Heesen's Project Ananda puts an ice bath at the center of luxury yachting
Heesen's 72-meter Project Ananda pairs an ice bath with a snow shower inside a 100-square-meter spa, turning cold plunge culture into yacht architecture.

Heesen put the ice bath at the center of Project Ananda, and the move says as much about luxury yachting as it does about recovery. The 72-meter steel smart custom design folds a 100-square-meter midship spa and beach club into the yacht’s core, pairing the plunge pool with a snow shower, sauna, steam room, hyperbaric chamber, massage and medical treatment room, and a bar.

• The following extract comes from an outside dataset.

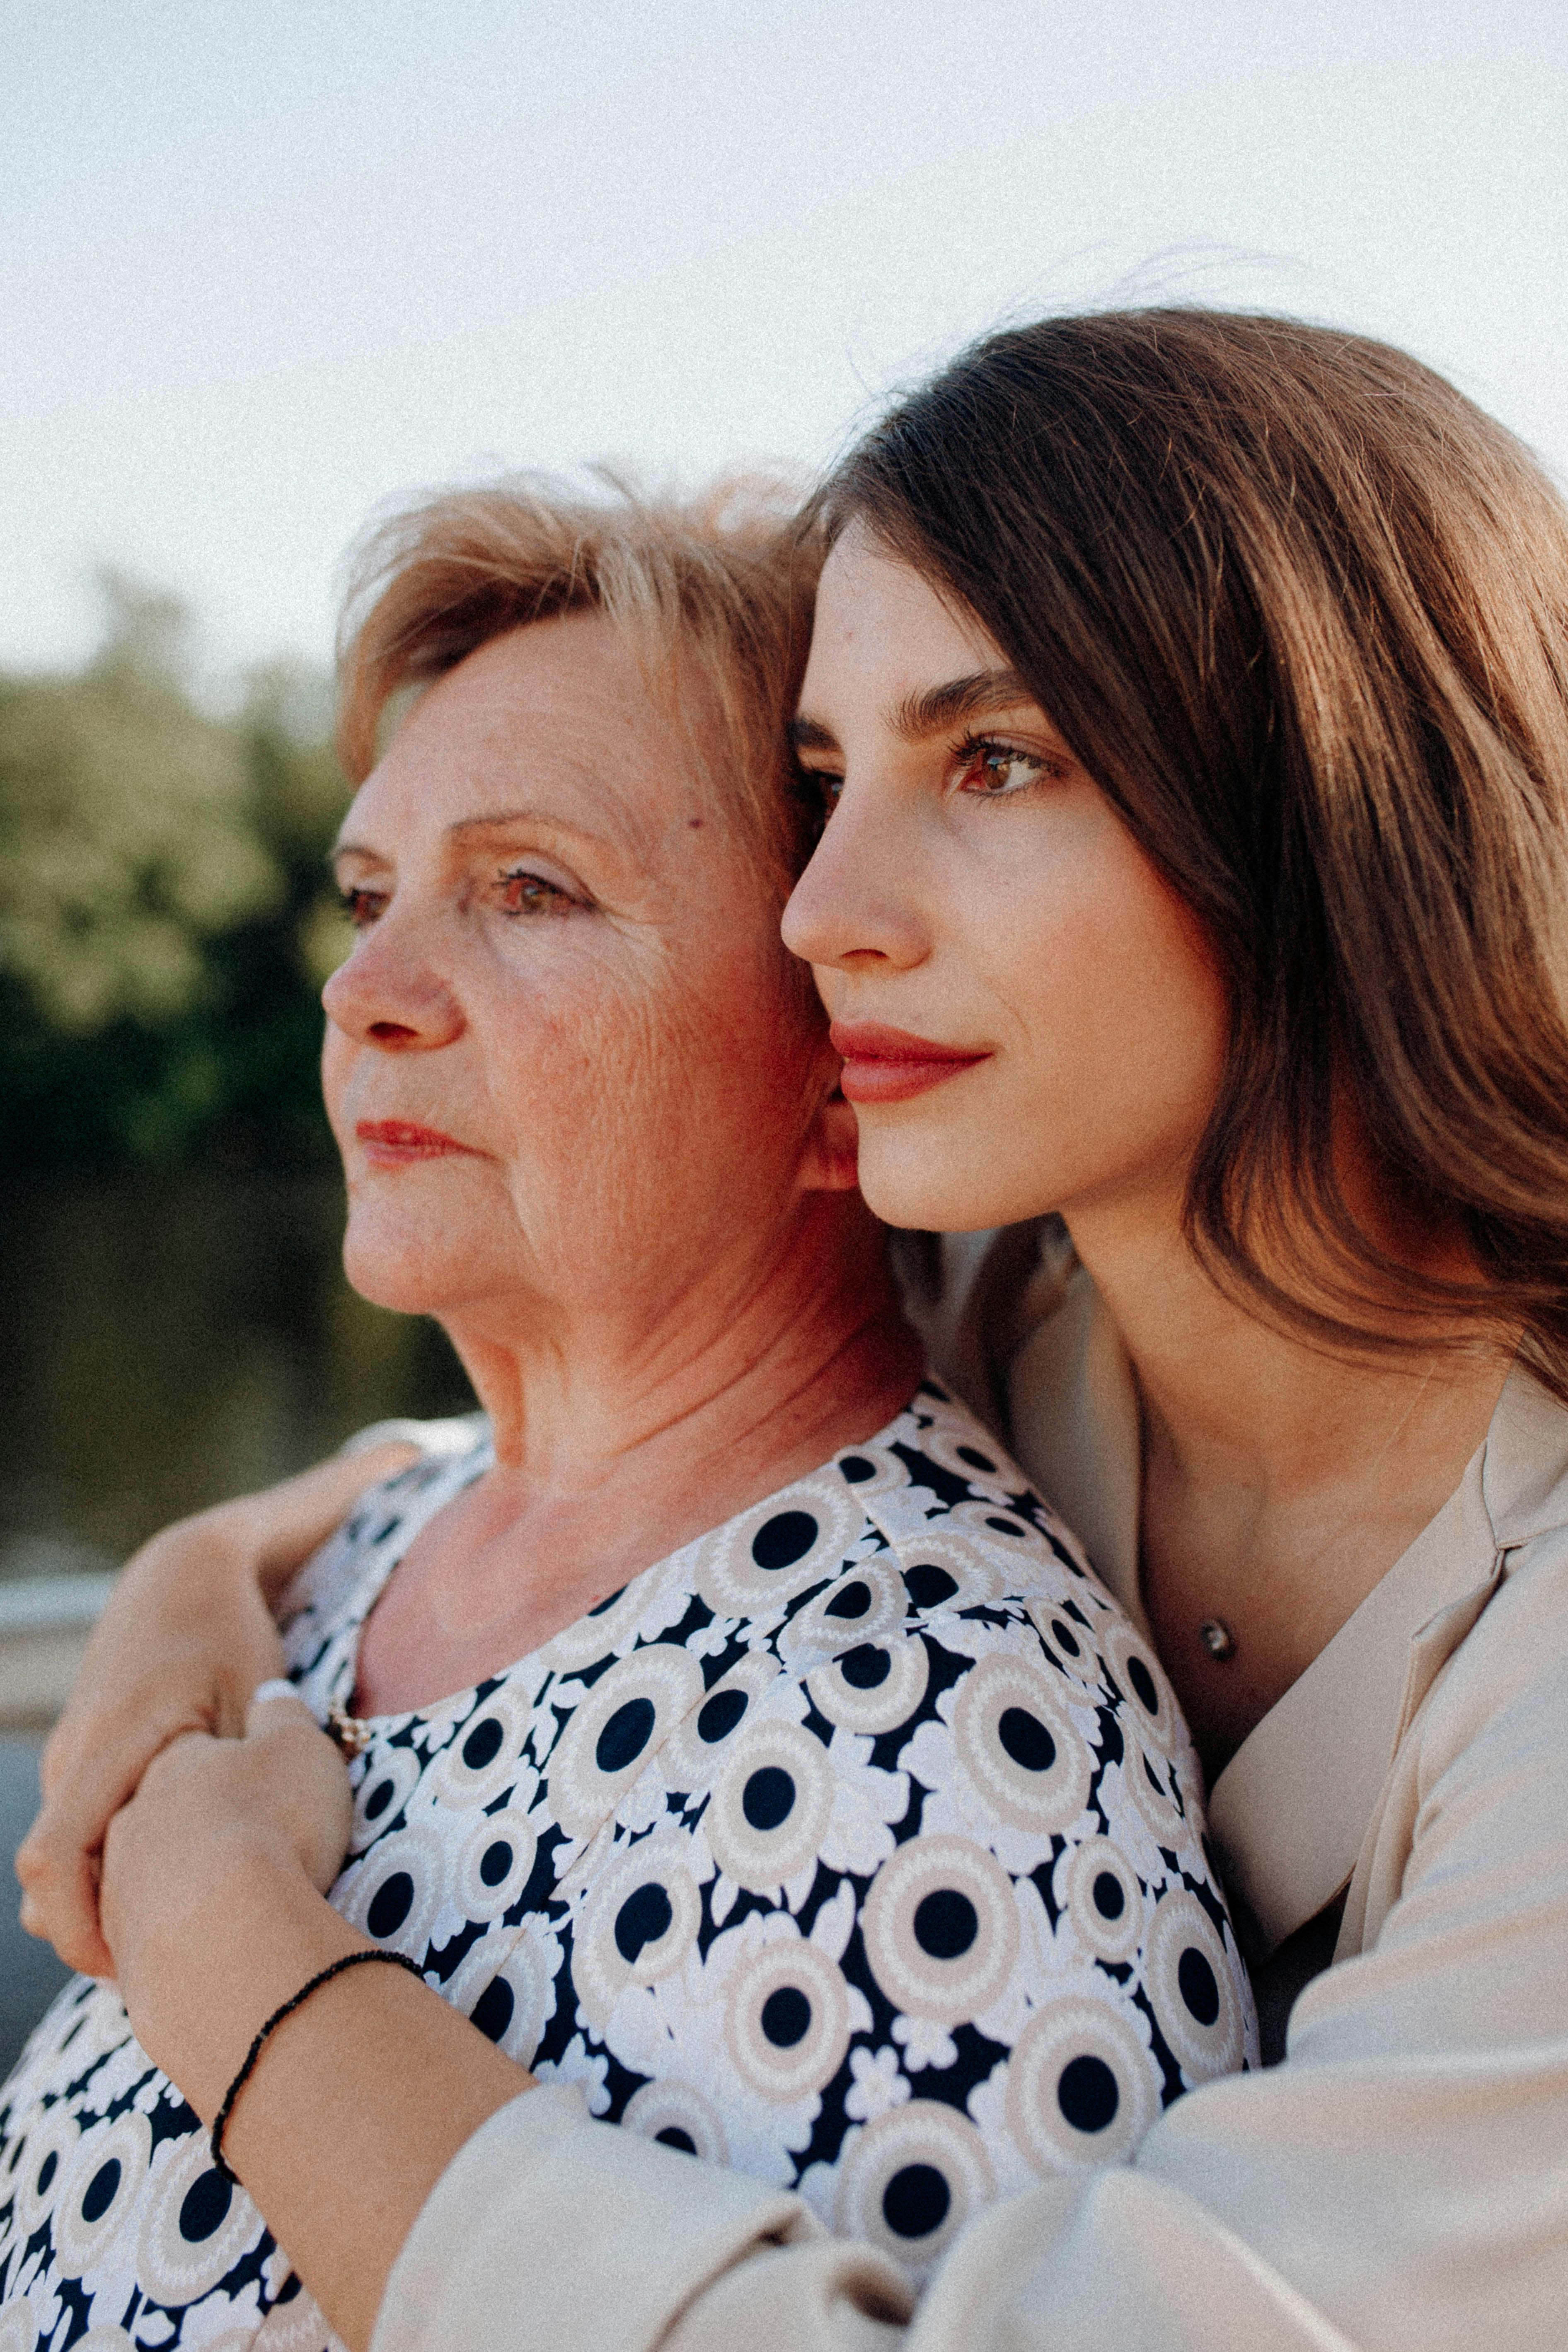 Woman and her daughter contemplating | Source: Pexels

That combination matters because it frames cold exposure as part of a complete wellness circuit, not a single add-on. On Ananda, the ice bath sits beside the snow shower, which gives the whole space the feel of a thermal sequence built into the boat’s architecture. Heesen said the wellness concept was developed with its Human Health Engineering department, a signal that the shipyard is treating the spa program like a design system, not a decorative amenity.

Project Ananda is being developed with Sinot Yacht Architecture & Design, while the interior will be created in-house at Heesen Interiors in Winterswijk, the Netherlands. Heesen says the yacht carries project number YN 21872, and the name Ananda comes from Sanskrit, meaning ultimate bliss, supreme joy, or perfect happiness. The shipyard’s language is deliberate, because the pitch here is no longer just speed, range, or craftsmanship. Wellness is part of the spec.

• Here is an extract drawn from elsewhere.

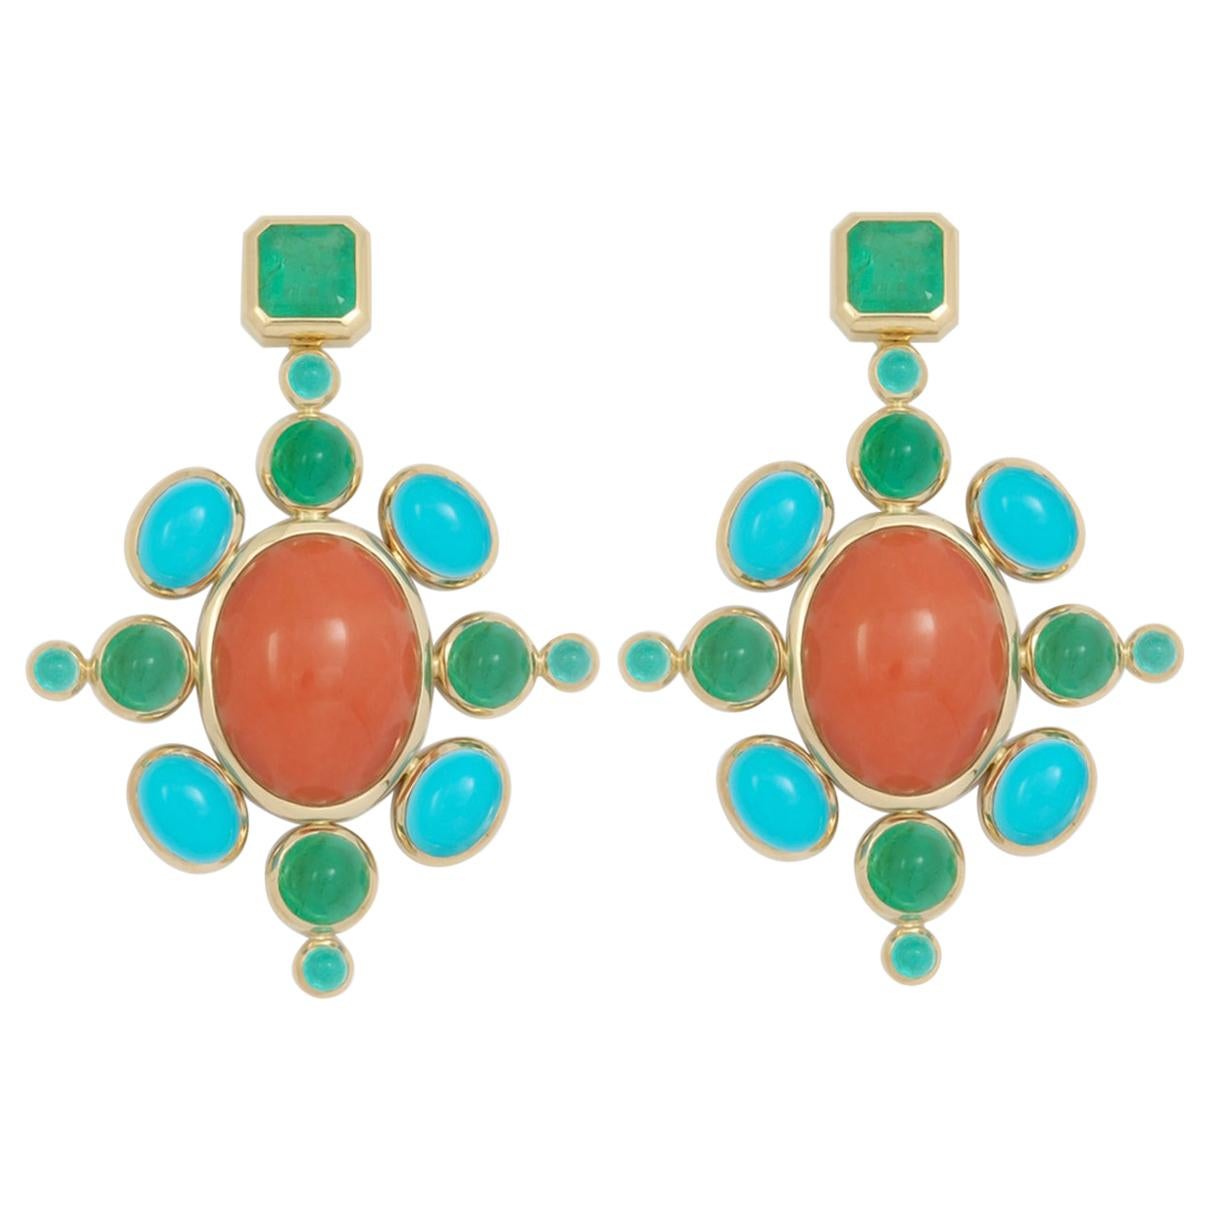 Middle Ages Earrings with Corals, Emeralds, Turquoises, and Paraiba Tourmalines
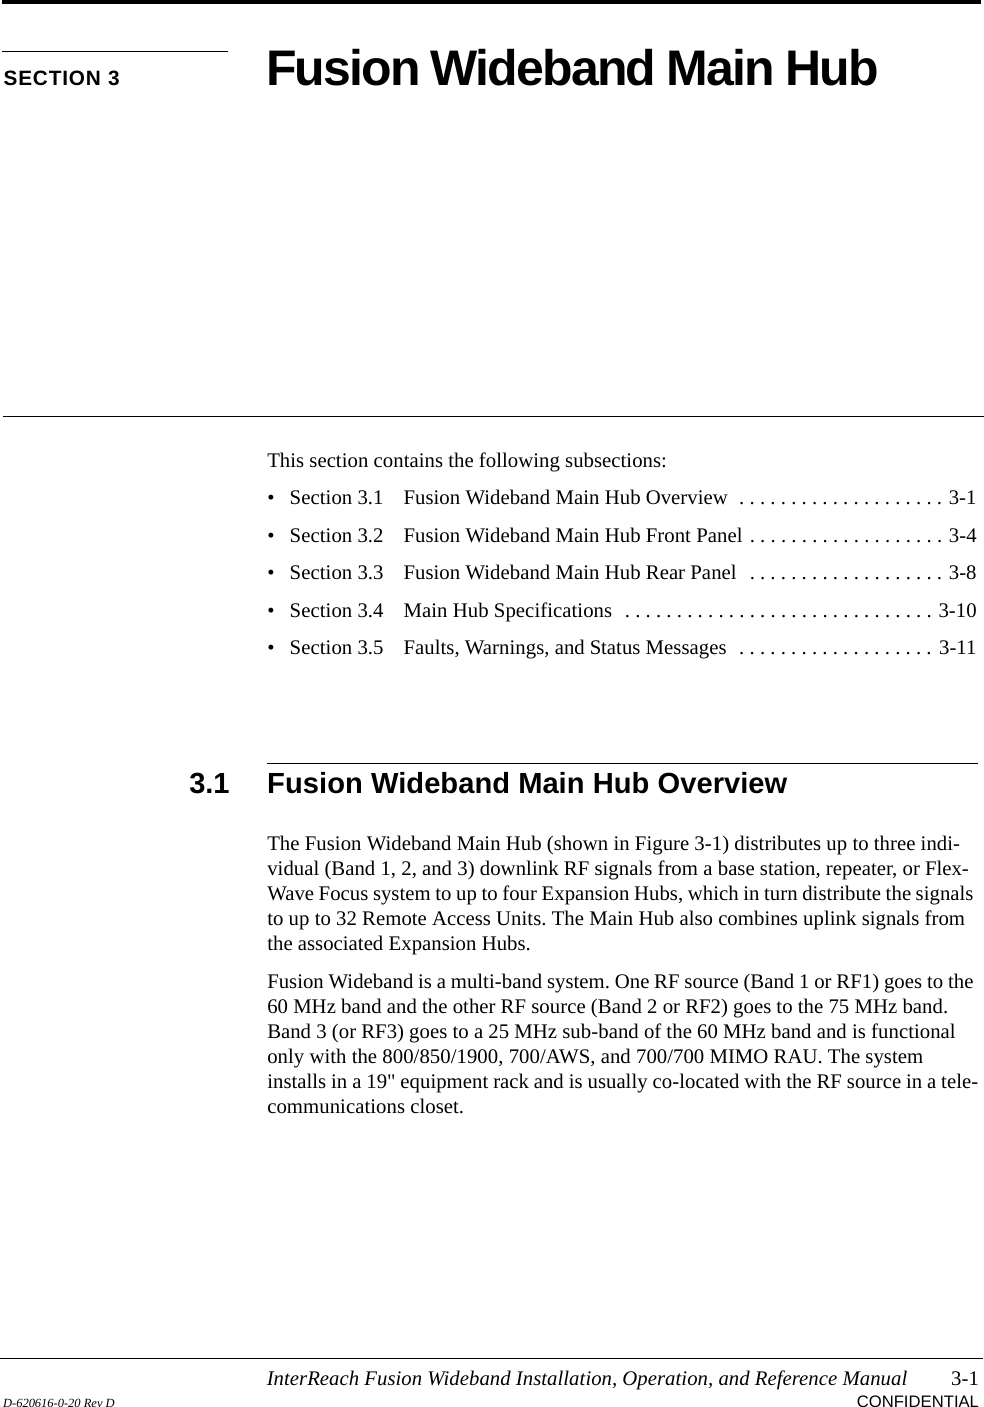 InterReach Fusion Wideband Installation, Operation, and Reference Manual 3-1D-620616-0-20 Rev D CONFIDENTIALSECTION 3 Fusion Wideband Main HubThis section contains the following subsections:• Section 3.1   Fusion Wideband Main Hub Overview  . . . . . . . . . . . . . . . . . . . . 3-1• Section 3.2   Fusion Wideband Main Hub Front Panel . . . . . . . . . . . . . . . . . . . 3-4• Section 3.3   Fusion Wideband Main Hub Rear Panel  . . . . . . . . . . . . . . . . . . . 3-8• Section 3.4   Main Hub Specifications  . . . . . . . . . . . . . . . . . . . . . . . . . . . . . . 3-10• Section 3.5   Faults, Warnings, and Status Messages  . . . . . . . . . . . . . . . . . . . 3-113.1 Fusion Wideband Main Hub OverviewThe Fusion Wideband Main Hub (shown in Figure 3-1) distributes up to three indi-vidual (Band 1, 2, and 3) downlink RF signals from a base station, repeater, or Flex-Wave Focus system to up to four Expansion Hubs, which in turn distribute the signals to up to 32 Remote Access Units. The Main Hub also combines uplink signals from the associated Expansion Hubs.Fusion Wideband is a multi-band system. One RF source (Band 1 or RF1) goes to the 60 MHz band and the other RF source (Band 2 or RF2) goes to the 75 MHz band. Band 3 (or RF3) goes to a 25 MHz sub-band of the 60 MHz band and is functional only with the 800/850/1900, 700/AWS, and 700/700 MIMO RAU. The system installs in a 19&quot; equipment rack and is usually co-located with the RF source in a tele-communications closet.

That spec is substantial. Heesen says design, naval architecture, and tank testing have been completed. Keel laying is scheduled for November 2026, with delivery planned for 2030. The yacht is expected to reach 5,000 nautical miles at 12 knots and a top speed of 16 knots, while hybrid propulsion underscores the broader engineering story around efficiency and owner well-being.

For the ice bath crowd, Ananda is a clear trend marker. What once sat in elite training centers and recovery rooms is now being packaged as luxury wellness architecture, wrapped in a snow shower, paired with a bar, and placed on a 72-meter yacht. That is where premium spa design is headed: deeper circuits, bigger footprints, and more of the cold-plunge experience built into the room itself.